Find top-n per group (`ROW_NUMBER()` + `PARTITION BY`)

Q: Give me the top three salaries per department in an employees table

SELECT *
FROM (
    SELECT
        dept,
        employee,
        salary,
        ROW_NUMBER() OVER (PARTITION BY dept ORDER BY salary DESC) AS rn
    FROM employees
) ranked
WHERE rn <= 3;

Find top-n of summed value

Q: How do you find the top 3 customers by revenue?

WITH total AS (
    SELECT
        c.customer_name,
        SUM(t.price) AS price_sum,
        DENSE_RANK() OVER (ORDER BY SUM(t.price) DESC) as rnk
    FROM customers c
    JOIN transaction t ON c.customer_id = t.customer_id
    GROUP BY c.customer_id, c.customer_name
)
SELECT customer_name, price_sum FROM total WHERE rnk <= 3;

NOTE: If customers with 0 transactions should show up:

-> JOIN to LEFT JOIN wrap SUM(t.price) inside COALESCE(..., 0)

Why not `ROW_NUMBER()`?

-> ROW_NUMBER() assigns a unique sequential number to each result, which gets exactly n rows
-> DENSE_RANK() assigns the same number for ties, may not exactly get n rows, but gets top n values correctly in case ties need to be considered

a,100
b,100
c,90
d,80

-> ROW_NUMBER() -> 1,2,3,4
-> DENSE_RANK() -> 1,1,2,3

Same attribute grouping

Q: Give me all the employees who have the same manager

SELECT manager_id, GROUP_CONCAT(employee_name) AS team_members
FROM employees
WHERE manager_id IS NOT NULL
GROUP BY manager_id;

PostgreSQL version:

SELECT
    manager_id,
    STRING_AGG(employee_name, ', ' ORDER BY employee_name) AS team_members
FROM employees
WHERE manager_id IS NOT NULL
GROUP BY manager_id;

PostgreSQL’s STRING_AGG requires an explicit delimiter.

Duplicate Filtering

Q: Give me a query to delete duplicate products from a product table

WITH duplicates AS (
   SELECT product_id, product_name, price,
   ROW_NUMBER() OVER (PARTITION BY product_name, price ORDER BY product_id) AS rn
   FROM product
)
DELETE p FROM product p JOIN duplicates d ON p.product_id = d.product_id
WHERE d.rn > 1;

For small ad-hoc tasks/reports, consider piping output through awk and rebuilding from the results, the idiom is easier to remember than this.

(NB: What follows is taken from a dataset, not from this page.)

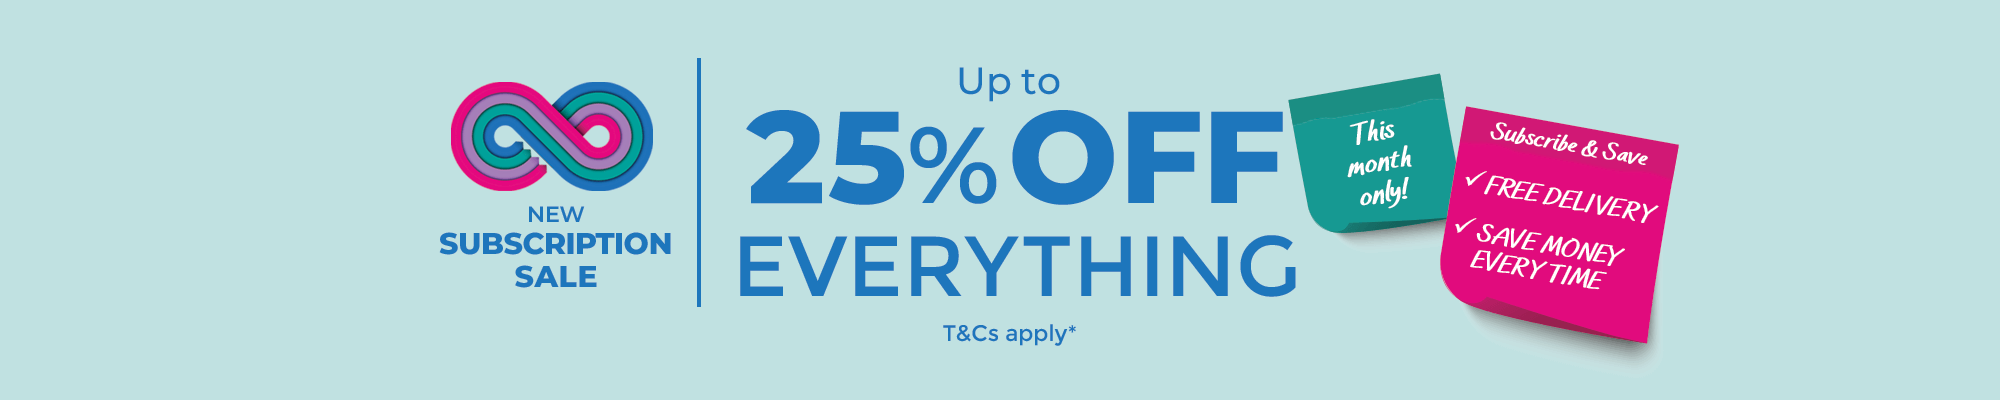 New Subscription Sale. Up to 25% off everything. This month only. Find out more.

PostgreSQL syntax differs ever so slightly:

WITH duplicates AS (
   SELECT product_id, product_name, price,
   ROW_NUMBER() OVER (PARTITION BY product_name, price ORDER BY product_id) AS rn
   FROM product
)
DELETE p FROM product p USING duplicates d WHERE p.product_id = d.product_id
AND d.rn > 1;

Relational division (`GROUP BY` + `HAVING COUNT` = n)

Q: Give me a query to find customers who made purchases in every month of a year.

WITH purchases AS (
    SELECT customer_id, MONTH(date) as transaction_month
    FROM transaction
    WHERE YEAR(date) = 2025
    GROUP BY customer_id, MONTH(date)
)
SELECT customer_id FROM purchases GROUP BY customer_id HAVING COUNT(transaction_month) = 12;

PostgreSQL has no MONTH(), use DATE_TRUNC().

Contribution analysis

Q: Give me a query to calculate the % contribution of each product to total value

WITH product_summary AS (
    SELECT
        t.product_id,
        SUM(t.price) AS price_sum
    FROM
        transaction t
    GROUP BY
        t.product_id
)
SELECT
    ps.product_id,
    ps.price_sum,
    ROUND((ps.price_sum * 100.0) / SUM(ps.price_sum) OVER (), 2) AS contrib
FROM
    product_summary ps;

Anti-Join

Q: Give me a query to look for products that had no sales in the last 30 days

WITH product_summary AS (
    SELECT DISTINCT
        t.product_id
    FROM
        transaction t
    WHERE
        t.date >= (NOW() - INTERVAL 30 DAY)
)
SELECT p.product_id FROM product p
LEFT JOIN product_summary ps
ON p.product_id = ps.product_id
WHERE ps.product_id IS NULL;

In a real system, this kind of query is not always feasible. A transaction ledger might be hundreds of millions, or even billions of rows. This can potentially turn into a full table scan. A summary table would be the realistic option, if this information is frequently requested.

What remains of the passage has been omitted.